Постмодернистская мысль с самоотверженностью философии периода кризиса стала бередить незажившую рану. Грянувший хор постмодернистов воспел плюралистичность выбора, сопряженного с «утратой смысла», и, что стало особенно пугающим, смерть субъекта. Р. Уильямс выдвинул лозунг «культура обыденна» [412; 413; 584], а П. Бергер «дополнил» его специфическим пониманием секуляризации [45; 46; 477]. Не прибавляли радости исследования Н. Лумана об углубляющейся дифференциации во всех сферах общественной жизни [259; 260], идея «неопределенности и риска» У. Бека [36; 37] и многое другое [161–164].
Между тем пустоту, образовавшуюся между двумя полюсами – экономическим процветанием и отсутствием полноценного ответа на экзистенциальные запросы, – должно было что-то заполнить. В быстро формирующемся обществе потребления произошел сдвиг приоритета от «материалистических» ценностей выживания к «постматериальным» ценностям улучшения качества жизни. Как следствие роль повседневности радикально изменилась по сравнению и с эпохой модерна, и со временем эпицентра кризиса. Но, как и в эпицентре кризиса, отыскать смысл существования по-прежнему оставалось слишком сложным делом, значительно проще было подавить запрос и найти успокоение посредством искусственно сотканного из артефактов повседневности эквивалента смысла.

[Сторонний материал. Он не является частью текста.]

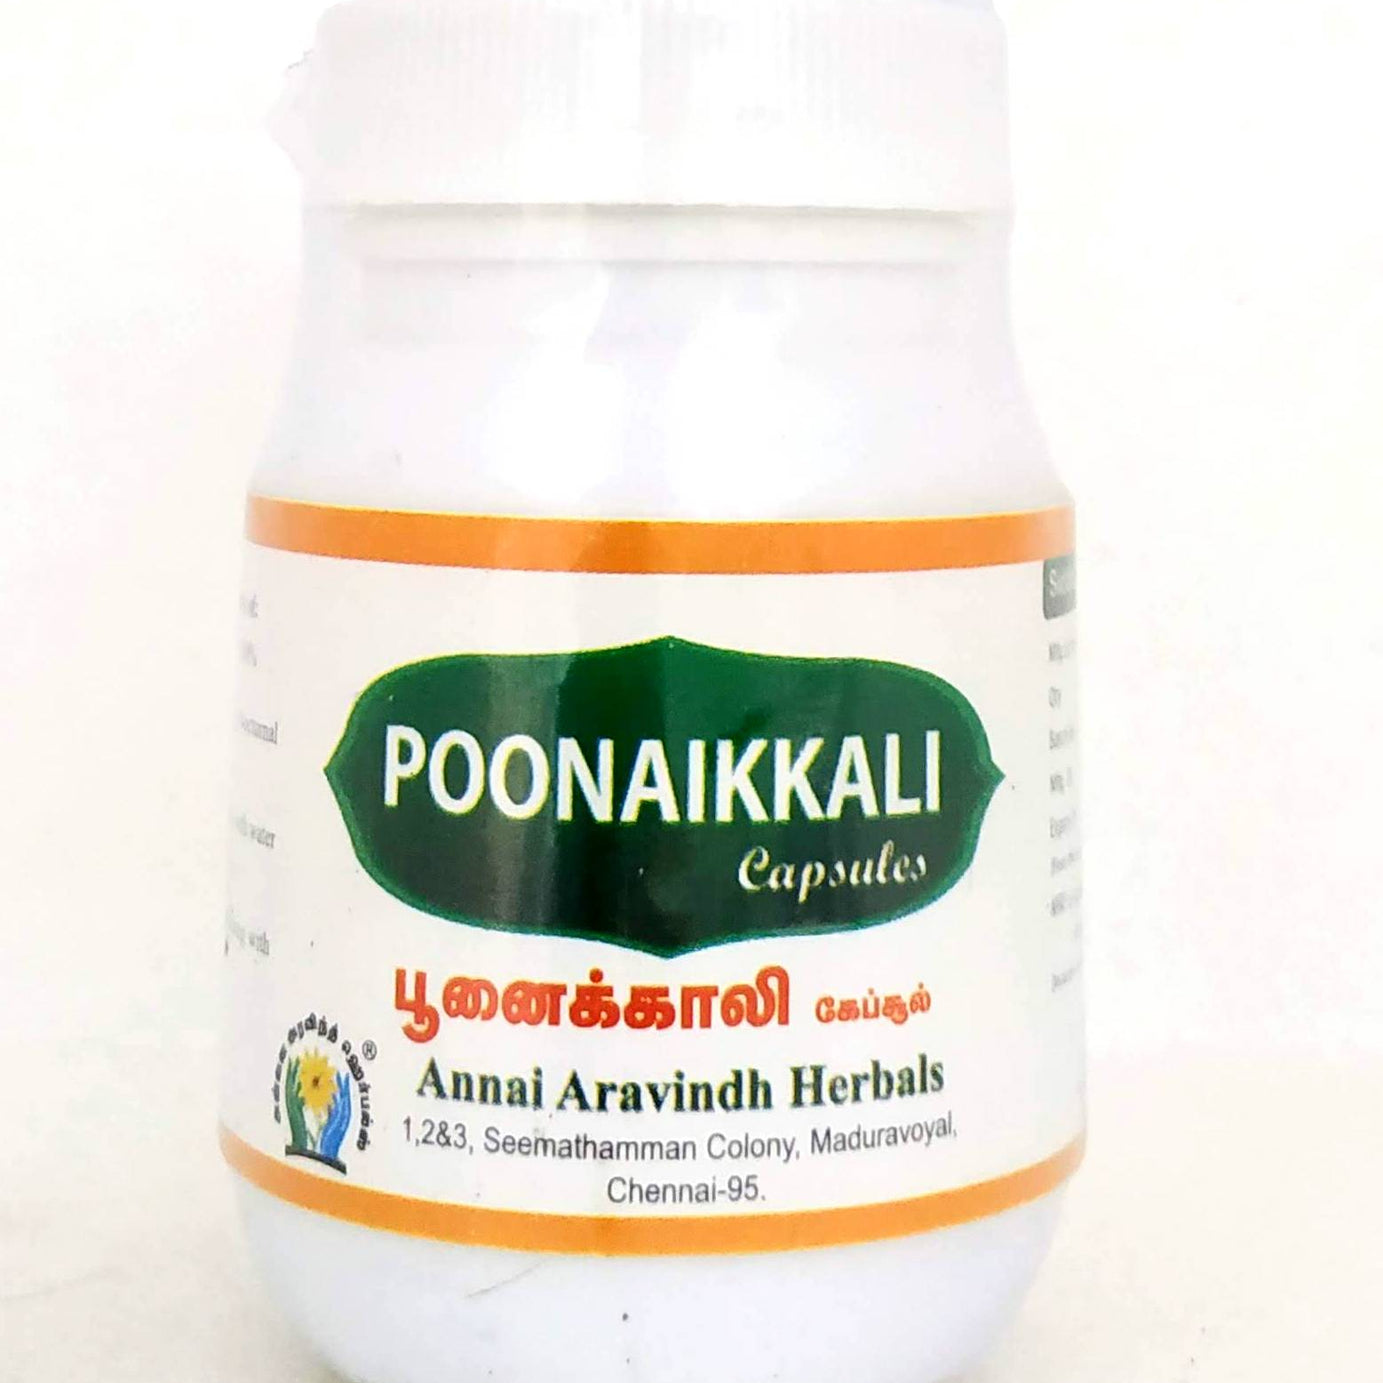 Shop Poonaikali capsules - 30Capsules at price 75.00 from Annai Aravindh Online - Ayush Care

Отличие только в том, что общество потребления предоставило для этого невиданное доселе разнообразие материала.
Субъект в современном мире «действует от собственного лица» [156]. Экономическое благополучие постмодерна открыло врата к обладанию артефактами любых культур, служивших когда-то координатами смысла. Постмодерн стер генетические различия смыслового содержания произведений искусства. «Смыслообразование» перешло в руки субъекта, желающего конструировать реальность постмодернизированными романтико-прагматическими средствами. Все, что прежде отсылало к трансцендентному, стало неактуальным, превратилось в «бессмысленное», потому что перестало указывать на смысл настоящего и, тем более, будущего. Весьма любопытно это отразилось на рынке антиквариата. То, что куплено на нем как эстетизированный обломок героического прошлого, «причащает» обладателя к вечности и тем самым само становится сверхновым аналогом «святых мощей».

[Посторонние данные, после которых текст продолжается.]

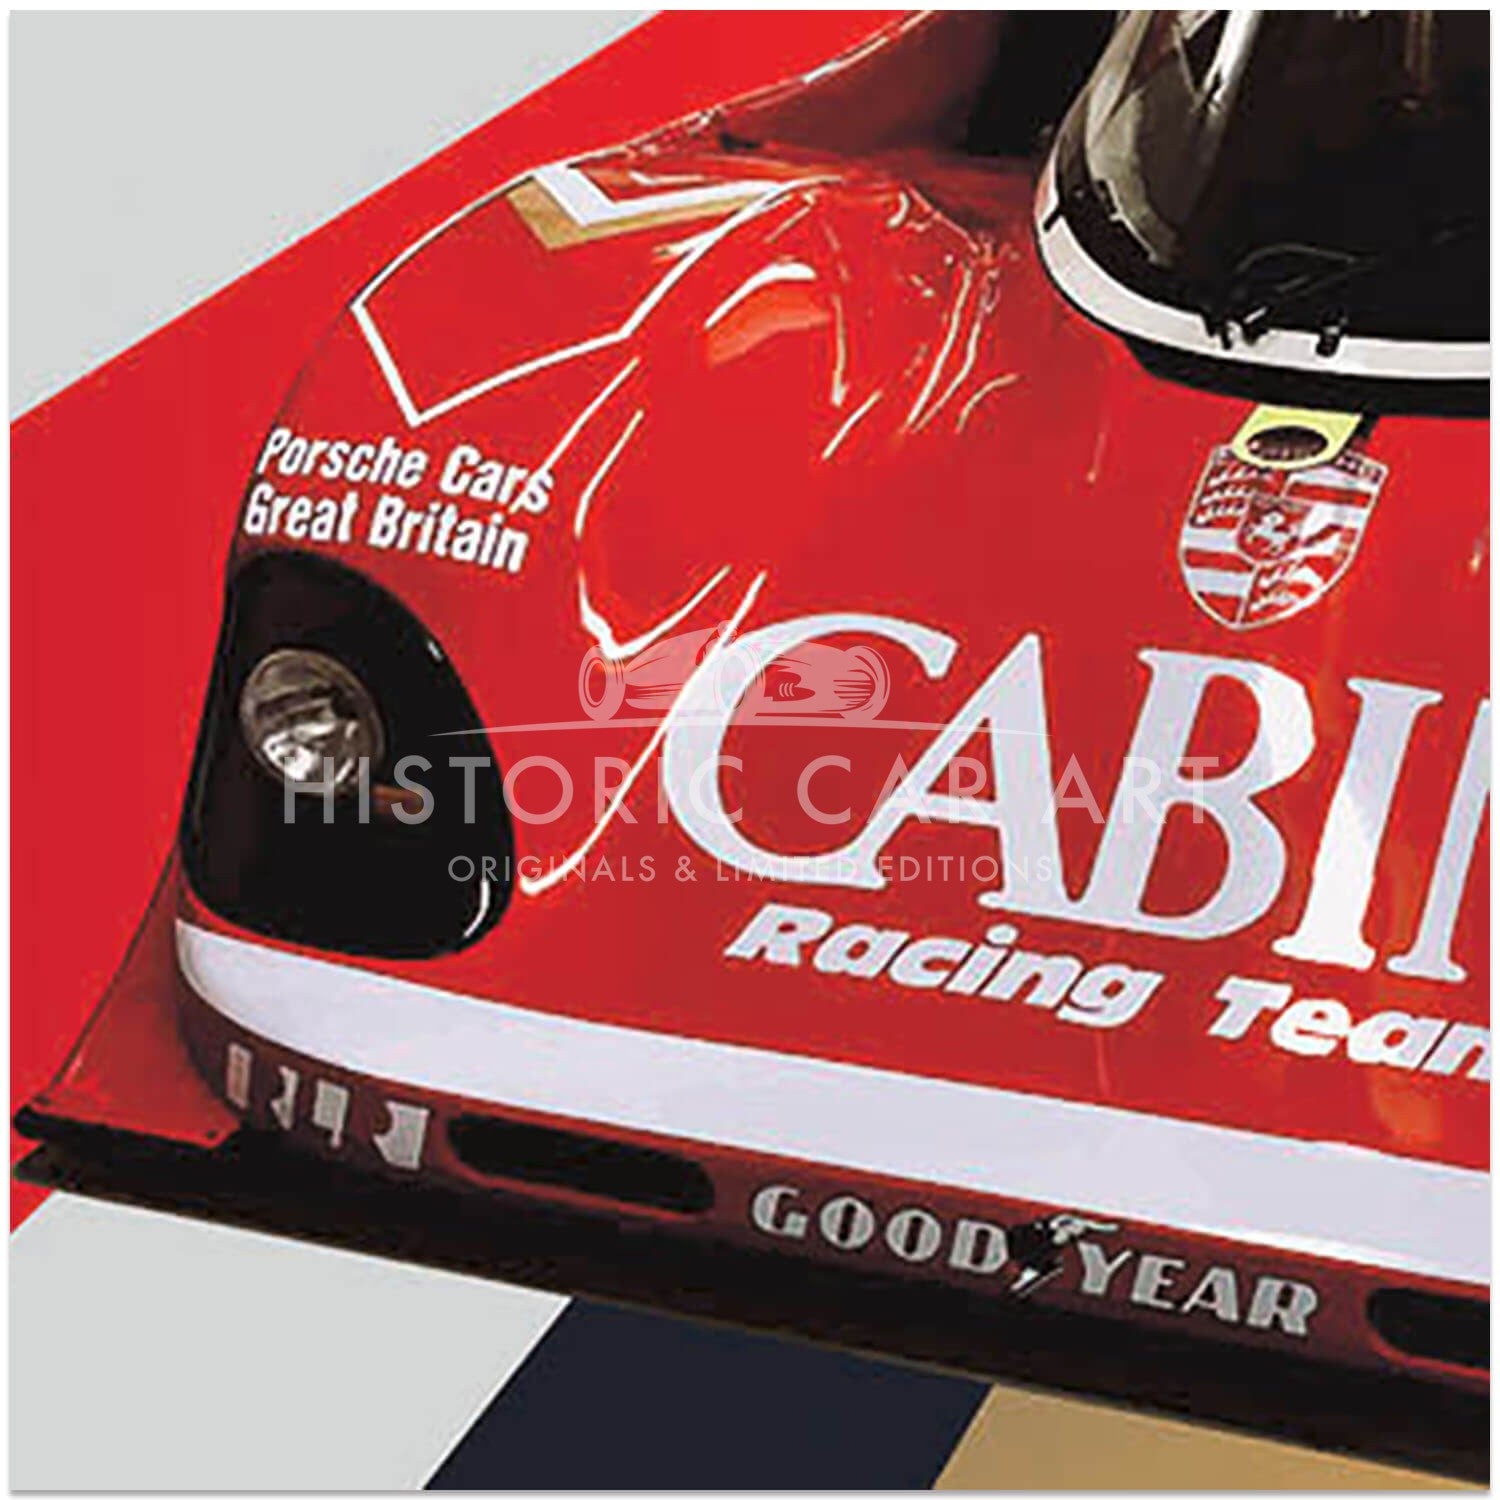 Cabin Racing Team | Porsche 962 | Group C | Art Print | Poster

Технические средства тоже поставили на потребу дня. Что нельзя купить на рынке антиквариата, стало возможным приобрести в виде тиражированной – и очень неплохой – копии. Предостережение В. Беньямина, что, хотя тиражированная вещь «пространственно» и приближена к человеку, но лишена ауры и аутентичности [40; 41; 42], встретили холодно. Значительно более близкой оказалась эстетика повторения, давшая адресату успокоение в проецируемом и беспроблемном узнавании, как это сформулировал У. Эко [483; 484; 485]. В отличие от эстетических принципов Средневековья и Ренессанса [486], на излете Нового времени бесконечность процесса повторения придает новый смысл процессу вариаций. По достоинству оценивается то, что серия возможных вариаций потенциально бесконечна. Как бы то ни было, обладание тиражированной копией стало средством ощутить превосходство над уникальностью шедевра и еще одним вариантом бессознательного желания «причаститься к вечности» вместо тягостных размышлений о смысле бытия.
Постмодернистская «игра со старым» – будь то антиквариат, его копия или смесь того и другого с их модернистским и постмодернистким истолкованием – проникла в массовое сознание. Возник «сверхновый» синтез искусств, девиз которого «копия Венеры Милосской в ванной комнате». Обеспеченные обладатели индивидуальных ванных комнат не знали, что постмодернисты уже отыграли по ним реквием. Они продолжали жить и не хотели ничего большего, кроме как тратить праведно и неправедно заработанные деньги на создание мирка, в котором находили психологическую стабильность и защищенность от неосознаваемой проблематичности обретения смысла.